Task prompt: Exactly as written, set down each line of the data below except its pictures.

Dataset content:
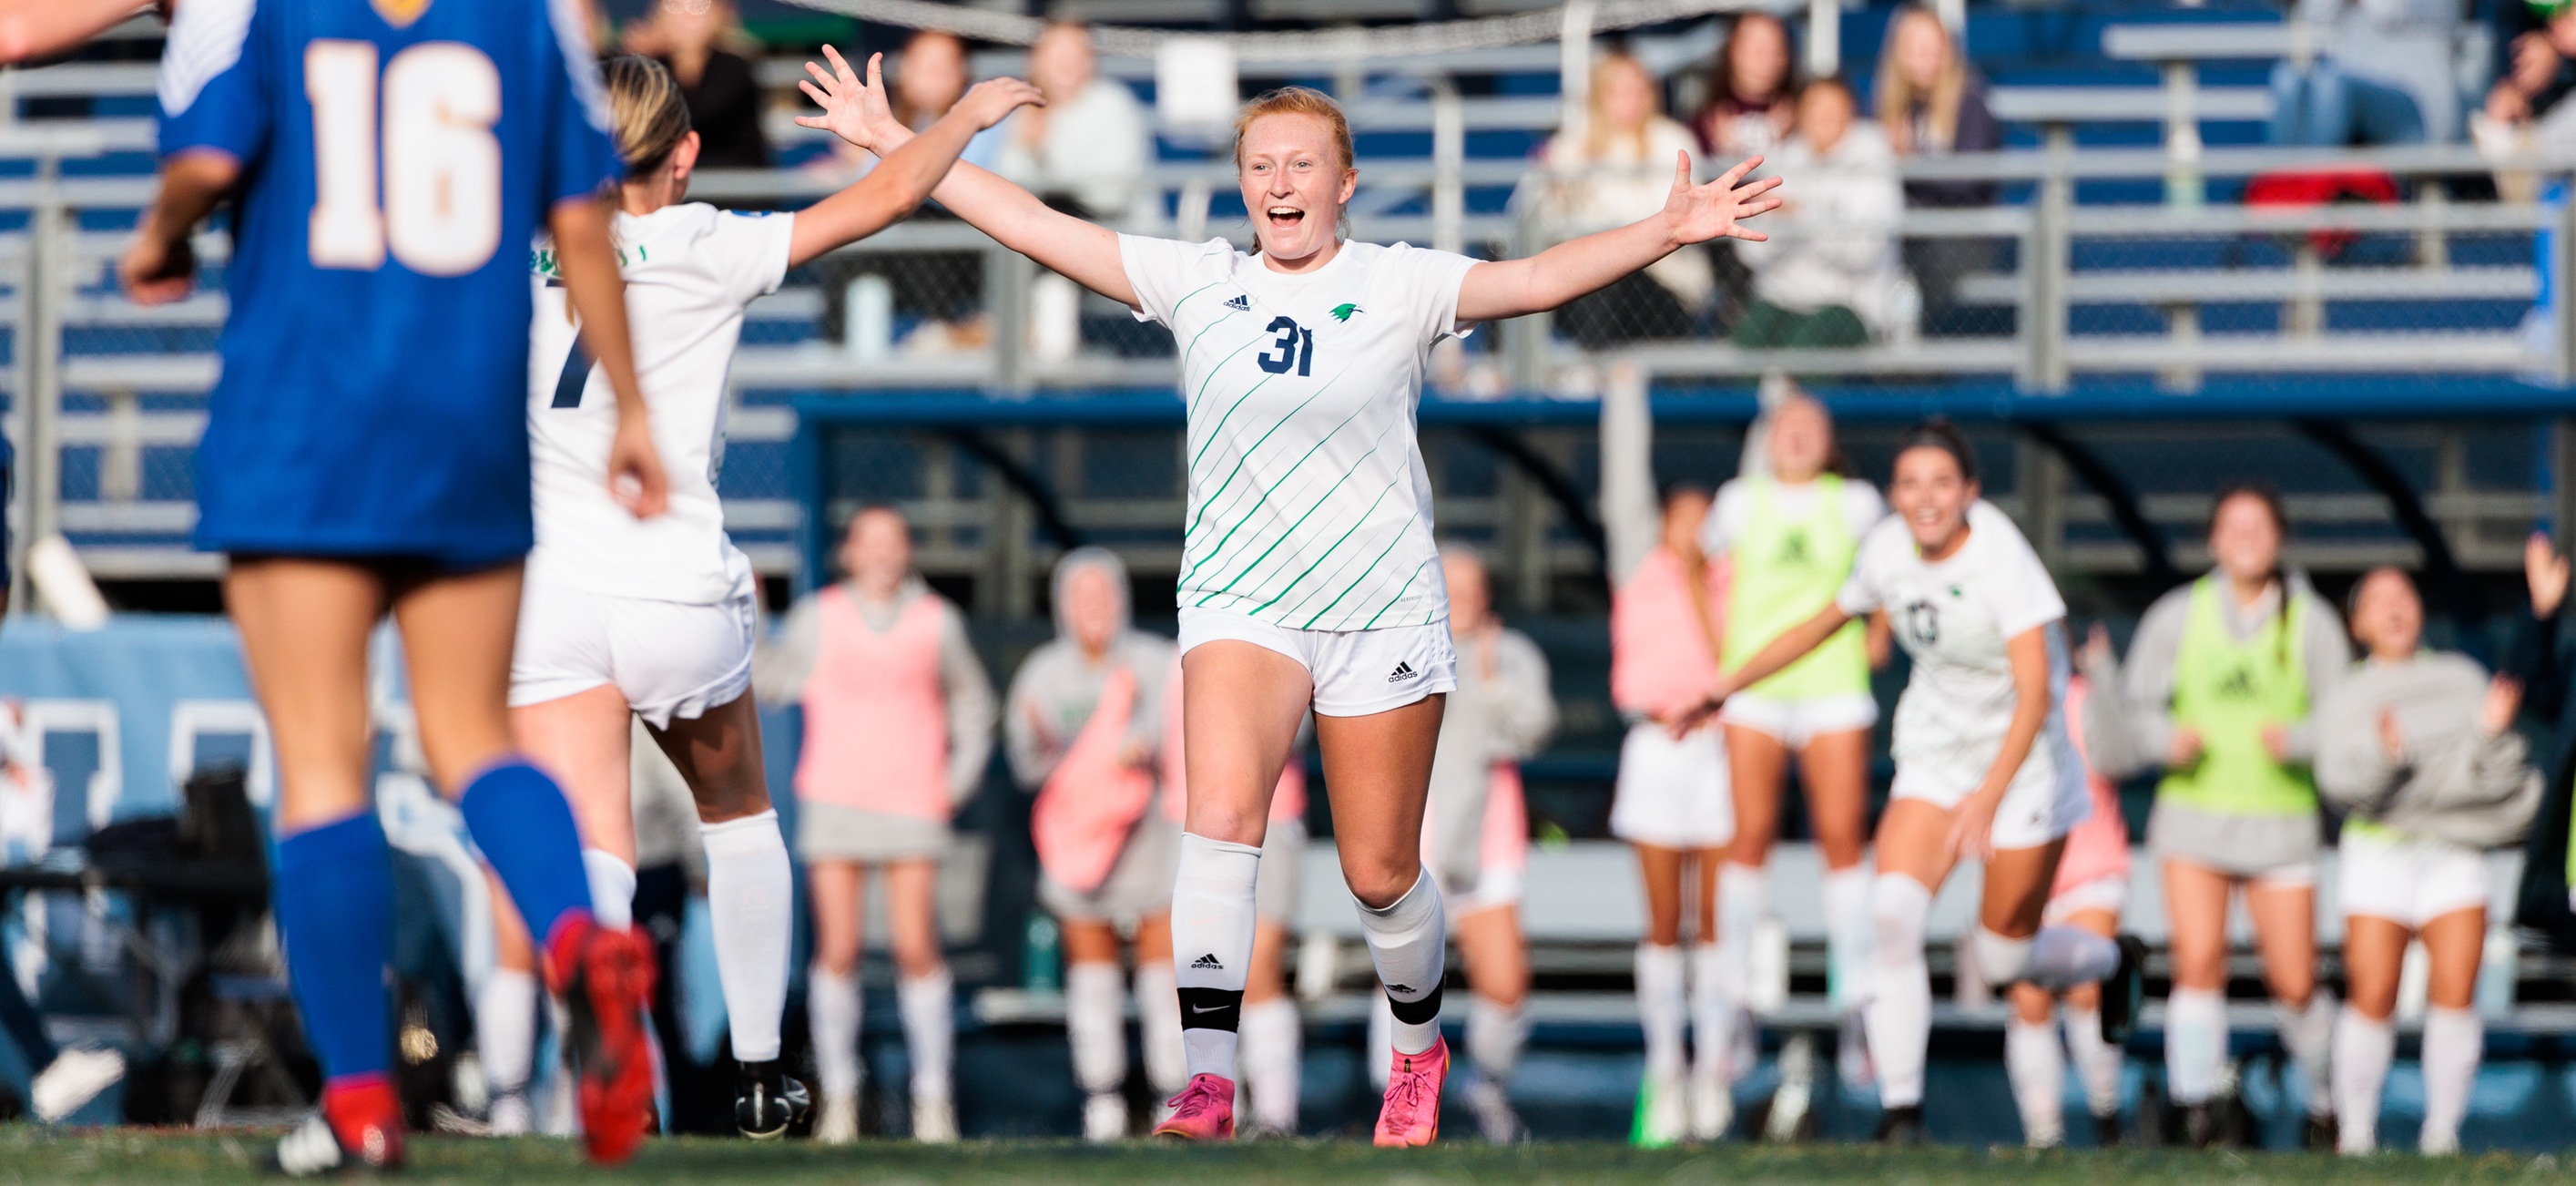 Endicott Kicks Off Homecoming Weekend with 2-1 Victory Over WNE
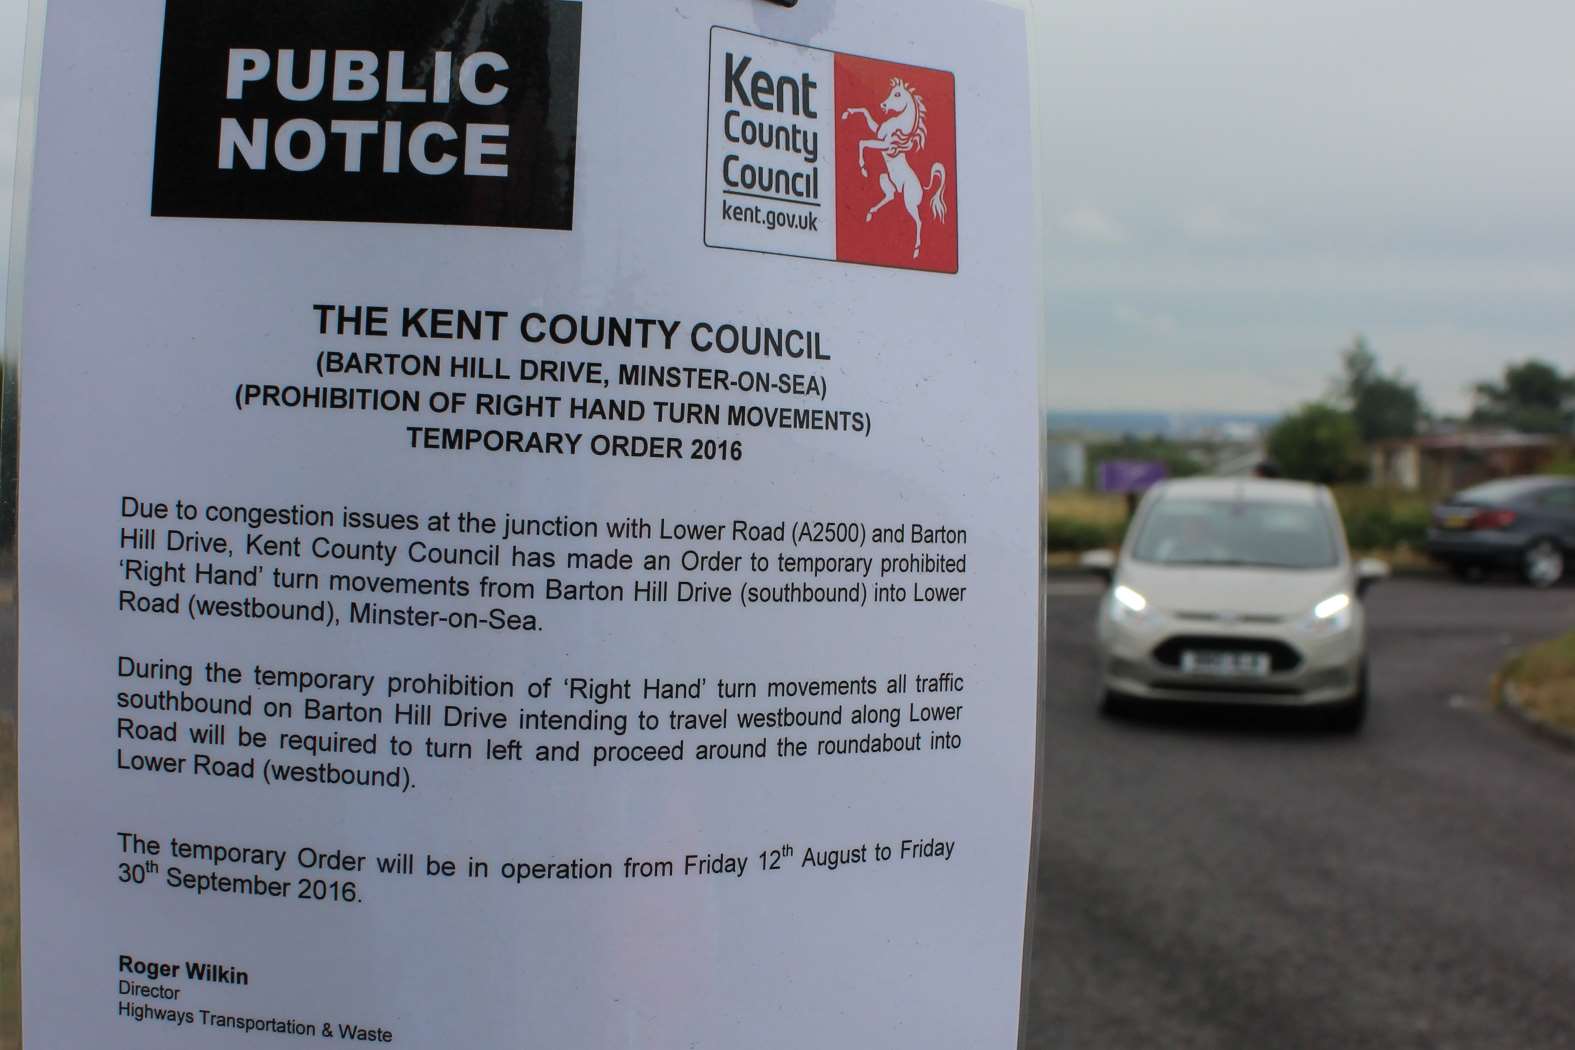 KCC Highways are stopping right turns at Barton Hill Drive, Minster, Sheppey, from Friday August 12
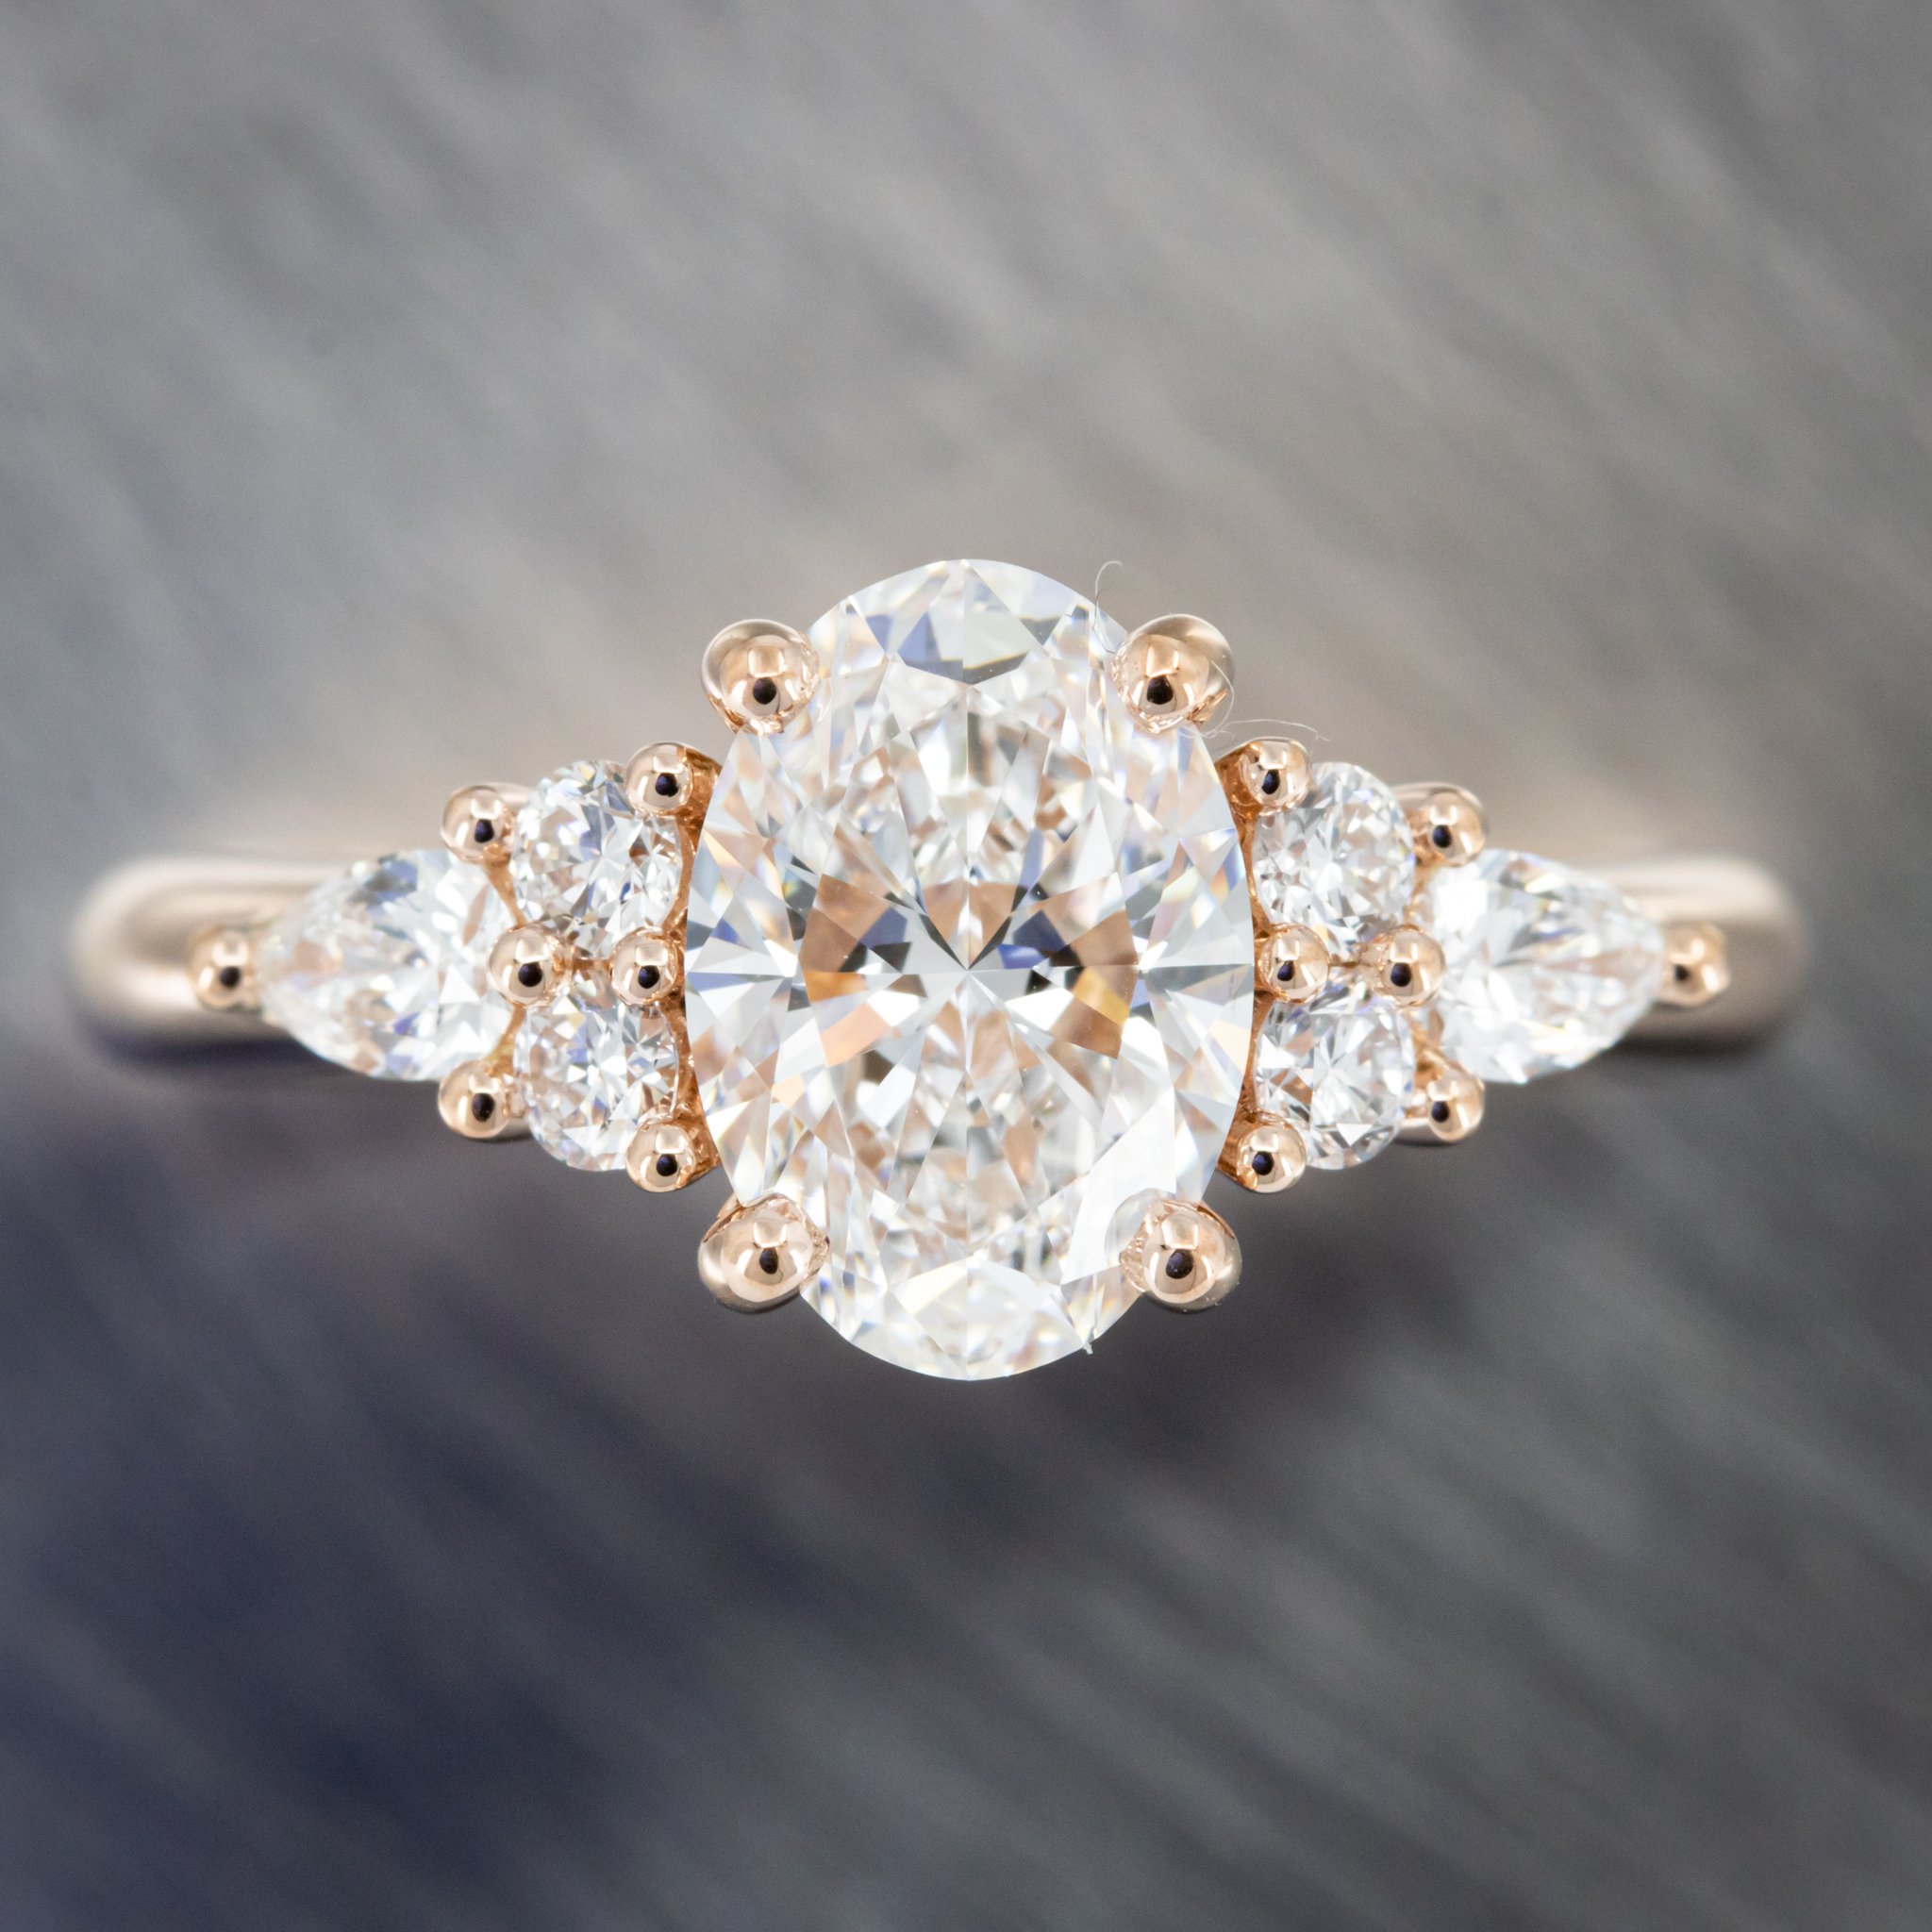 Custom Engagement Ring in 14k Rose Gold with an Oval Brilliant Cut Laboratory Grown Diamond in a Four Prong Setting with Two Round Brilliant Cut and One Pear Shape Laboratory Grown Diamond on Either Side of the Center Stone. Considering custom? Check

Output for this task:
 Endicott Kicks Off Homecoming Weekend with 2-1 Victory Over WNE
 KCC Highways are stopping right turns at Barton Hill Drive, Minster, Sheppey, from Friday August 12
 Custom Engagement Ring in 14k Rose Gold with an Oval Brilliant Cut Laboratory Grown Diamond in a Four Prong Setting with Two Round Brilliant Cut and One Pear Shape Laboratory Grown Diamond on Either Side of the Center Stone. Considering custom? Check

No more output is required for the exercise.